Our Class A common stock is listed on the NYSE under the symbol 'NET.' However, we cannot assure you of the likelihood that an active trading market for our Class A common stock will be maintained, the liquidity of any trading market, your ability to sell your shares of our Class A common stock when desired, or the prices that you may obtain for your shares.
We do not intend to pay dividends for the foreseeable future.
We have never declared nor paid cash dividends on our capital stock. We currently intend to retain any future earnings to finance the operation and expansion of our business, and we do not expect to declare or pay any dividends in the foreseeable future. As a result, stockholders must rely on sales of their Class A common stock after price appreciation as the only way to realize any future gains on their investment.
Risks Related to our Outstanding Convertible Senior Notes
Servicing our future debt, including the Notes, may require a significant amount of cash, and we may not have sufficient cash flow from our business to pay our indebtedness.

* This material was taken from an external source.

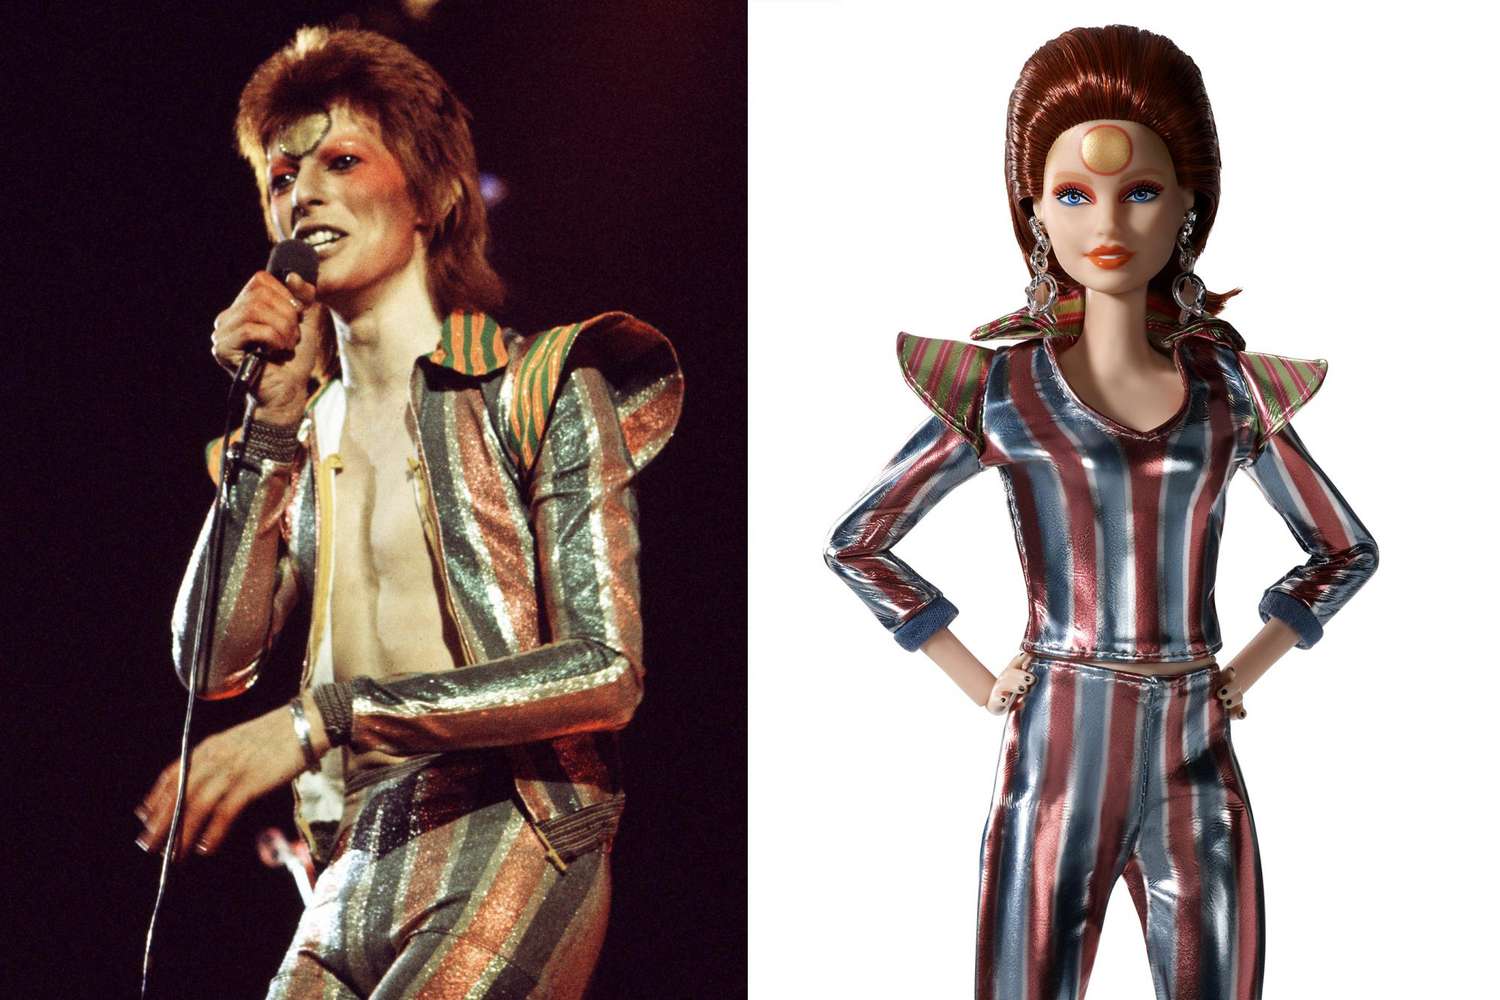 David Bowie's Ziggy Stardust Barbie debuts from

In May 2020, we issued $575.0 million in aggregate principal amount of the Notes. The Notes are senior unsecured obligations of the Company and will mature on May 15, 2025, unless earlier redeemed, repurchased, or converted, and are governed by the terms of the Indenture dated May 15, 2020 (the Indenture). The interest rate is fixed at 0.75% per annum and is payable semi-annually in arrears on May 15 and November 15 of each year, beginning on November 15, 2020. Our ability to make scheduled payments of the principal of, to pay interest on or to refinance our indebtedness, including the Notes, depends on our future performance, which is subject to economic, financial, competitive, and other factors beyond our control. Our business may not generate cash flow from operations in the future sufficient to service our debt and make necessary capital expenditures. If we are unable to generate such cash flow, we may be required to adopt one or more alternatives, such as selling assets, restructuring debt, or obtaining additional debt financing or equity capital on terms that may be onerous or highly dilutive. Our ability to refinance any future indebtedness will depend on the capital markets and our financial condition at such time. We may not be able to engage in any of these activities or engage in these activities on desirable terms, which could result in a default on our debt obligations. In addition, any of our future debt agreements may contain restrictive covenants that may prohibit us from adopting any of these alternatives. Our failure to comply with these covenants could result in an event of default which, if not cured or waived, could result in the acceleration of our debt.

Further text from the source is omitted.